O preço das coisas sem preço



António Ramos Rosa, poeta, nascido em Faro, em 1924, é um dos nomes grandes da língua portuguesa. Urbano Tavares Rodrigues, escritor, nascido em Lisboa, em 1923, é outro. Ambos já ultrapassaram os oitenta anos, mas, felizmente, ambos estão vivos. Descobri, agora, que em 1961 António Ramos Rosa publicou o livro «Sobre o Rosto da Terra» e ofereceu um exemplar a Urbano Tavares Rodrigues, no qual apôs a seguinte dedicatória: "A Urbano Tavares Rodrigues, com um abraço de sincera estima e viva admiração". Uns tempos depois, mais precisamente em 1964, voltou a publicar, desta vez o livro com o título «Terrear», que dedicou a Urbano Tavares Rodrigues, e do qual lhe ofereceu um exemplar, no qual manuscreveu, em aditamento à dedicatória, "a quem devo este livro, com a maior admiração e um grande abraço do António Ramos Rosa".  Como é que eu sei tudo isto? Simples: descobri aqui que ambos os exemplares estão à venda, o primeiro por quinhentos euros e o segundo por setecentos e cinquenta. Não faço ideia como nem por que razão estes livros raros  foram parar ao mercado, mas sejam quais forem as razões, é triste, para quem observa de fora, ver uma amizade entre dois homens, que são duas referências na cultura portuguesa, exposta desta maneira aos olhos de todos e com preço... 

A beleza dos justos


No Público do passado sábado, dia 6, no caderno comemorativo dos vinte anos daquele jornal, o professor José Mattoso escreveu: «O que a vida me tem ensinado é que existem mais "justos" neste mundo do que se pode saber através dos jornais. Há muitas formas de santidade oculta, nem que seja por meio do sofrimento assumido, do apaziguamento, da noção do dever. A religião católica aliada ao individualismo atrofiou o conceito de "justo". A história do Genesis propõe que se creia no efeito da acção do "justo" sobre a comunidade a que pertence em virtude do princípio da solidariedade. Os justos são a porção viva e sã, mas escondida, da comunidade a que pertencem. Garantem a sua capacidade de regeneração.
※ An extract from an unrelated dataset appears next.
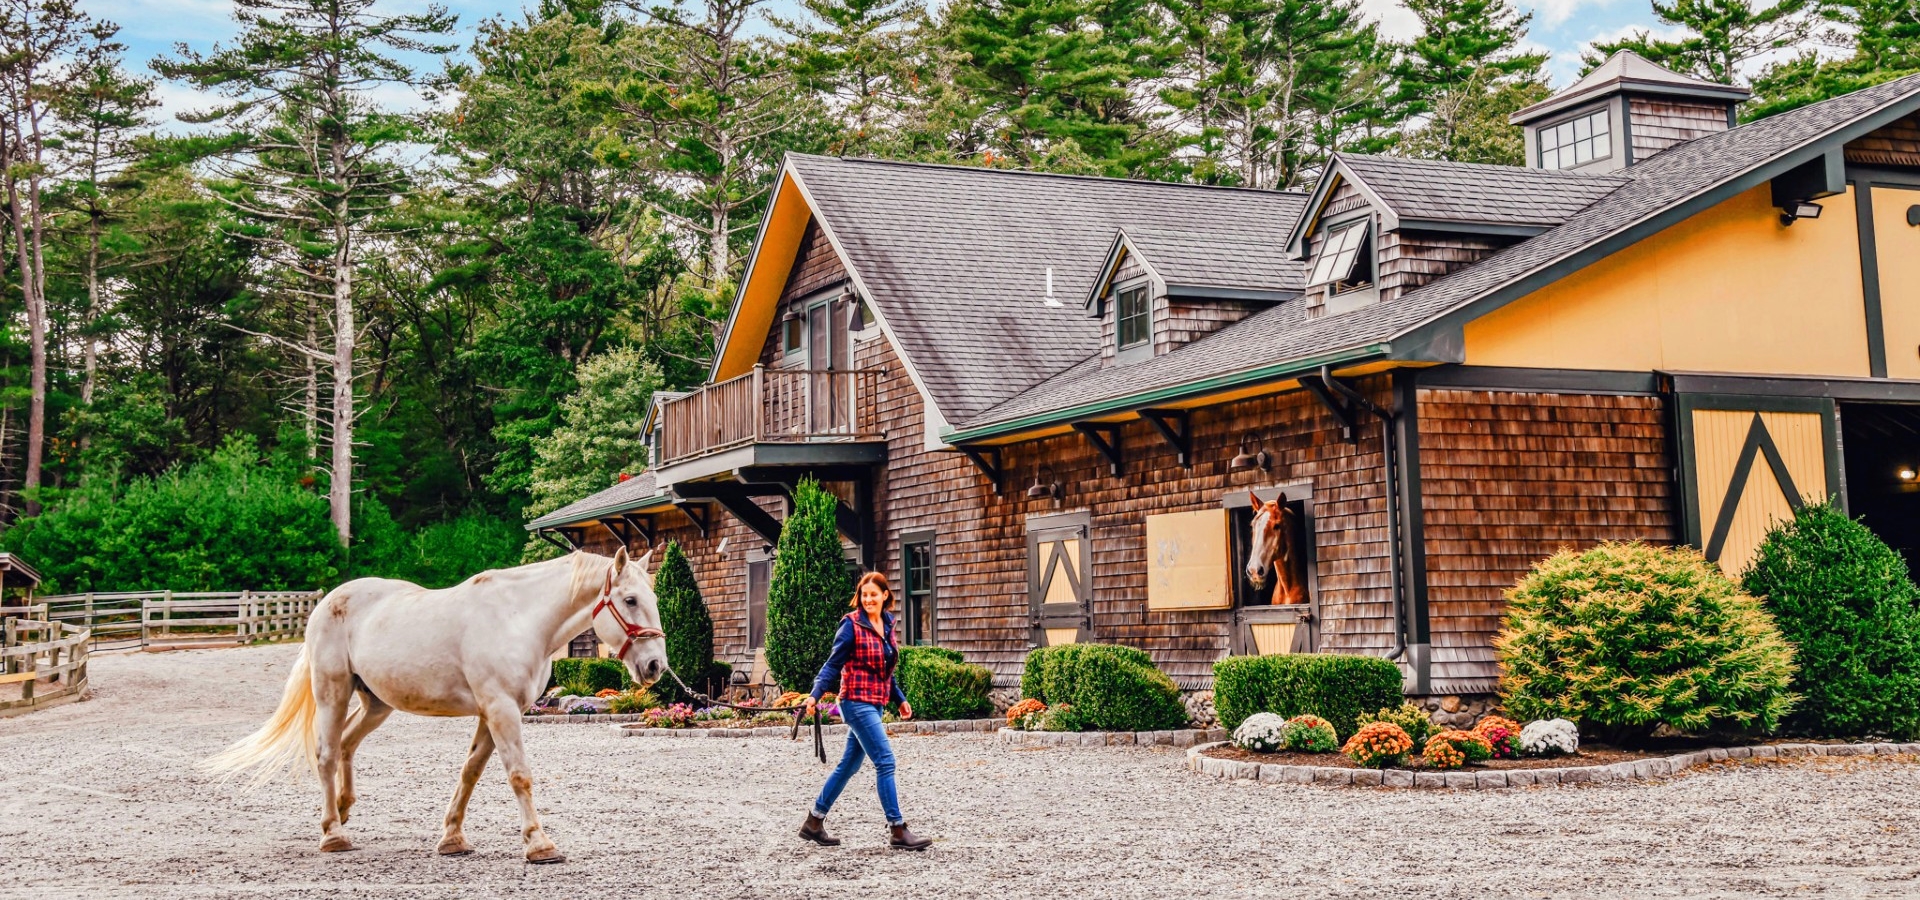 The Preserve Resort & Spa’s serene setting with equestrian facilities as highlighted in Equestrian Living.
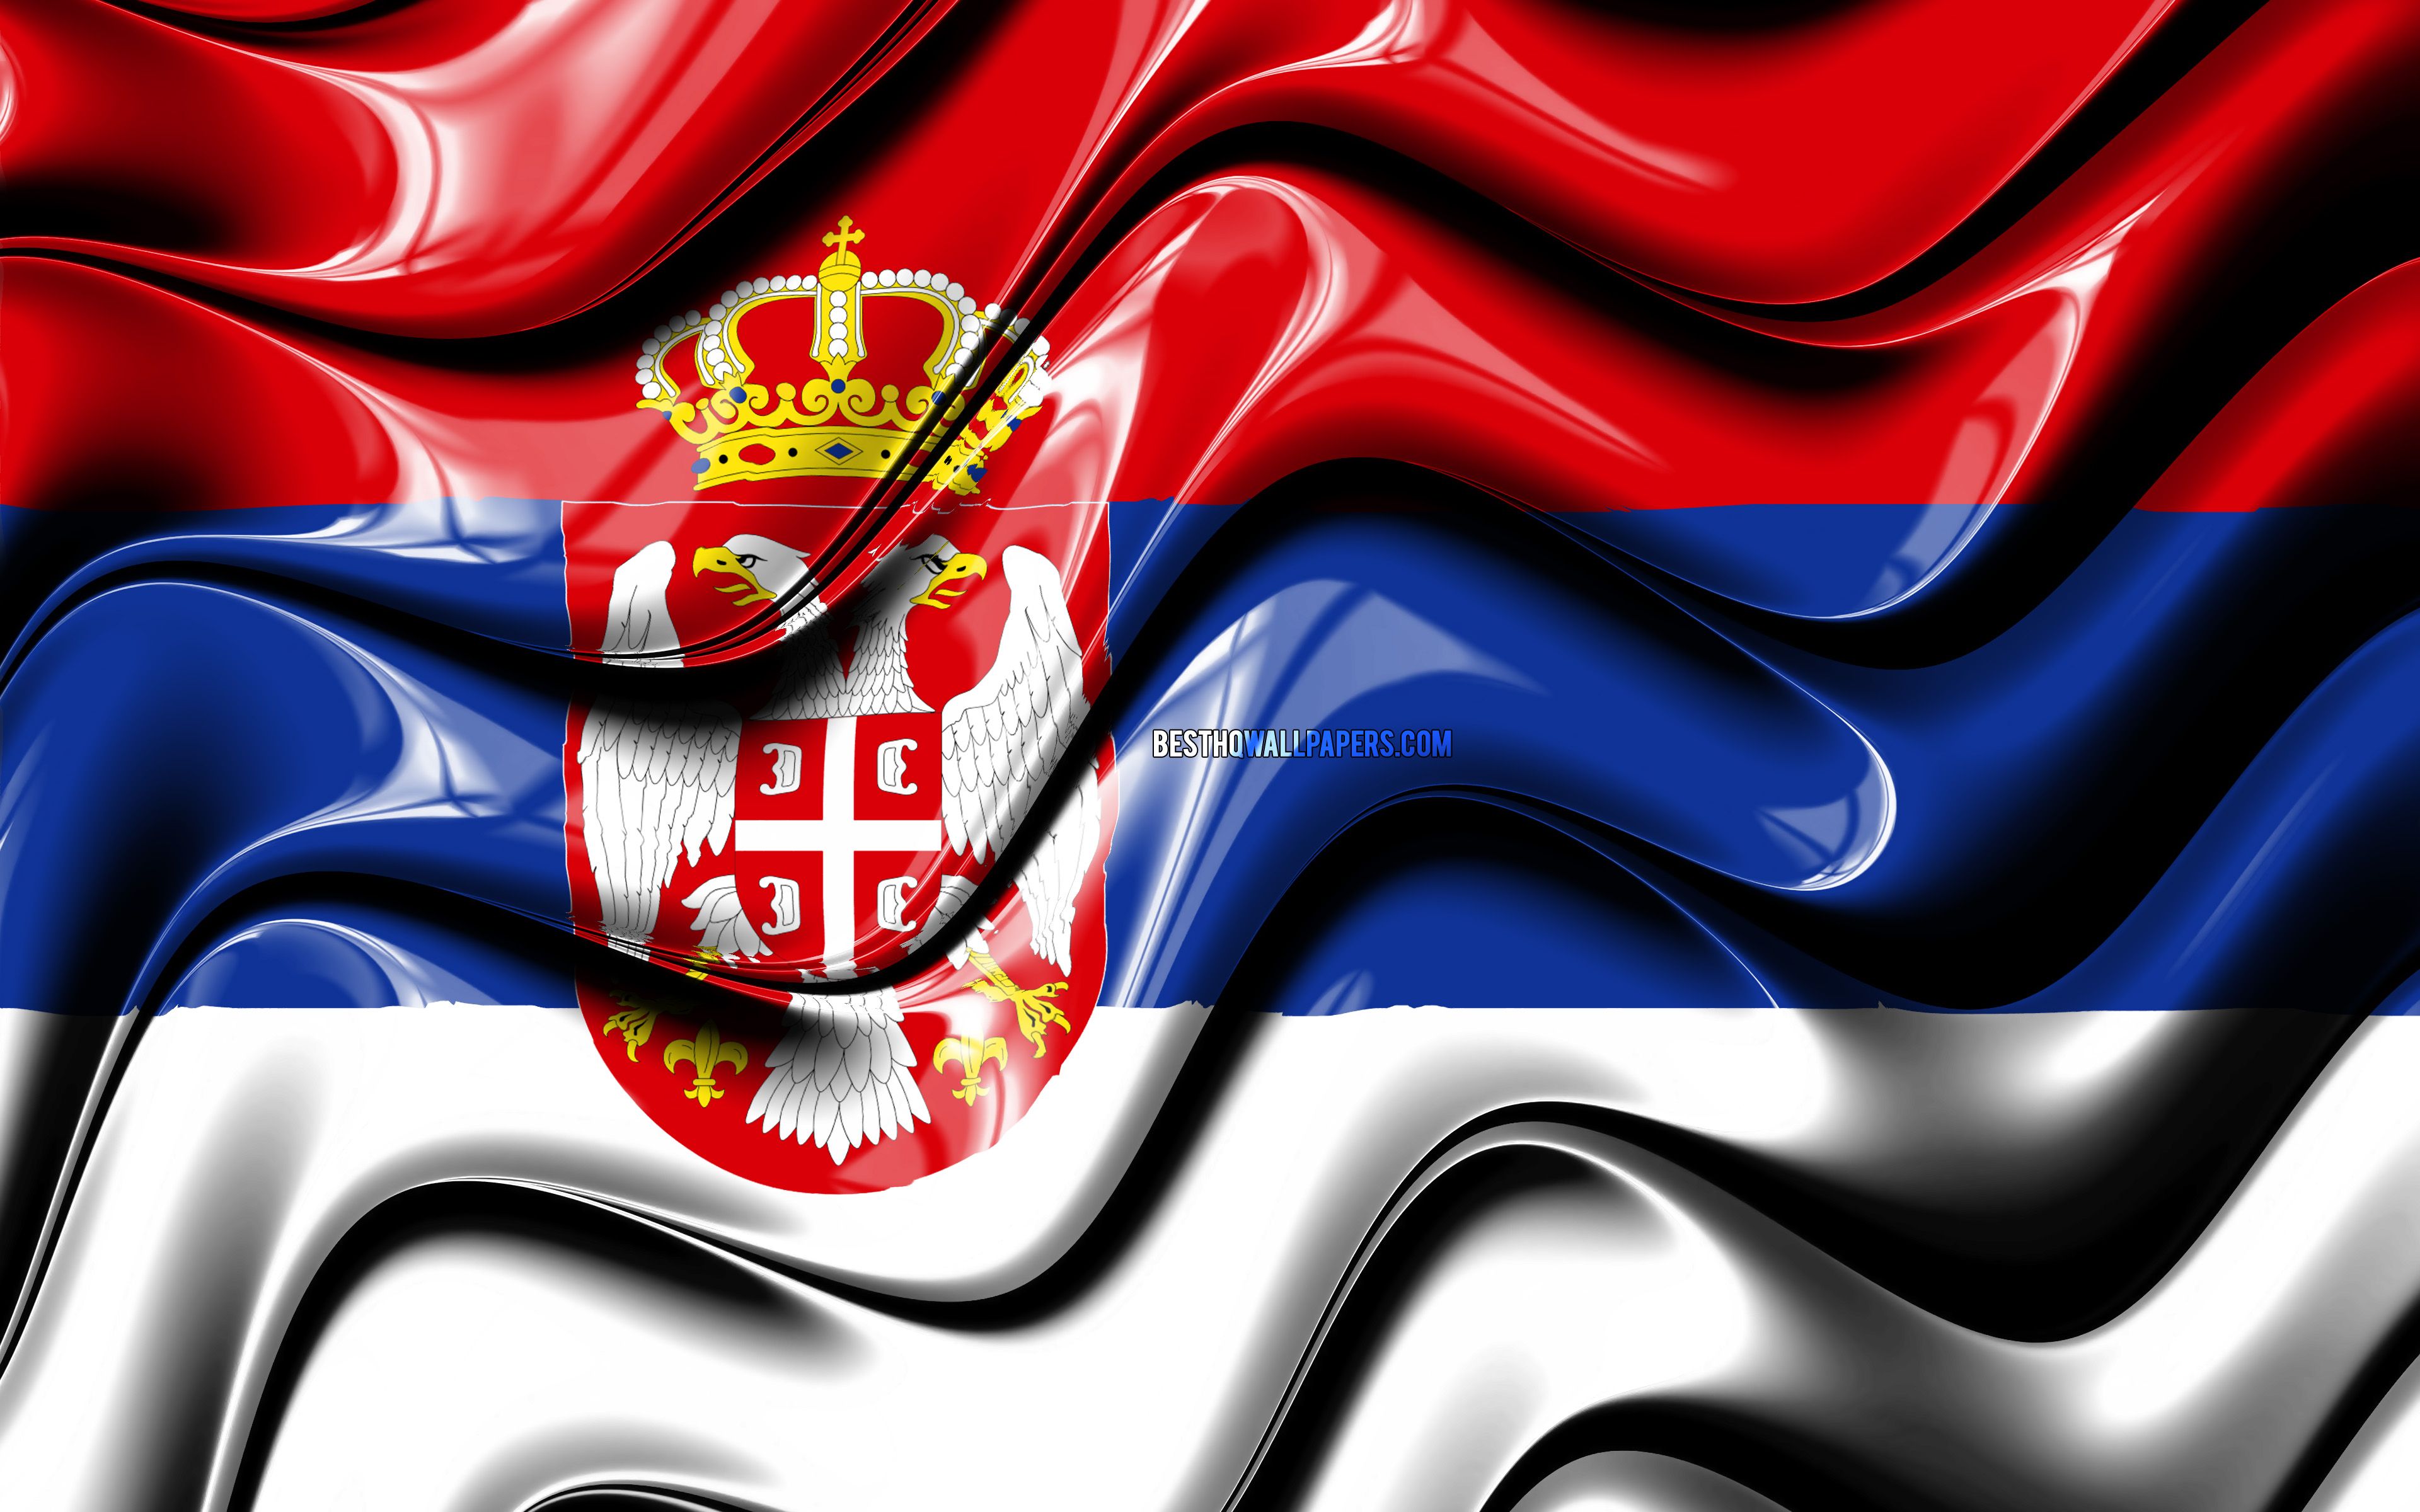 Download wallpaper Serbian flag, 4k, Europe, national symbols, Flag of Serbia, 3D art, Serbia, European countries, Serbia 3D flag for desktop with resolution 3840x2400. High Quality HD picture wallpaper

O fundamento da esperança no futuro é o reconhecimento dos "justos" que nos rodeiam, seja qual for o meio em que vivem e o apoio que somos capazes de lhes dar na sua luta pela "justiça". Talvez isso sirva de antídoto contra a desilusão que nos causam os poderosos da finança, da política ou do espectáculo.» Vem isto a propósito de há pouco ter encontrado aqui a fotografia de Irena Sendler, polaca, falecida em 12.05.2008 com 98 anos. Sendler, que viveu em Varsóvia durante a II Grande Guerra Mundial, conseguiu retirar, do gueto que os nazis aí construíram, duas mil e quinhentas crianças judias, feito que lhe valeu, em 1965, a atribuição do título "Justo Entre as Nações", pelo memorial israelita Yad Vashem, mas, ao que parece, insuficiente para, em 2007, lhe ser atribuído o prémio Nobel, que acabou por distinguir o ex vice presidente americano Al Gore. No dia em que o calendário oficial manda lembrar as mulheres e os jornais estão repletos de imagens delas, com doses industriais de «glamour», a verdade é que a minha atenção ficou presa ao deslumbrante sorriso desta anciã, capaz de fazer inveja a todas as Monas Lisas deste mundo.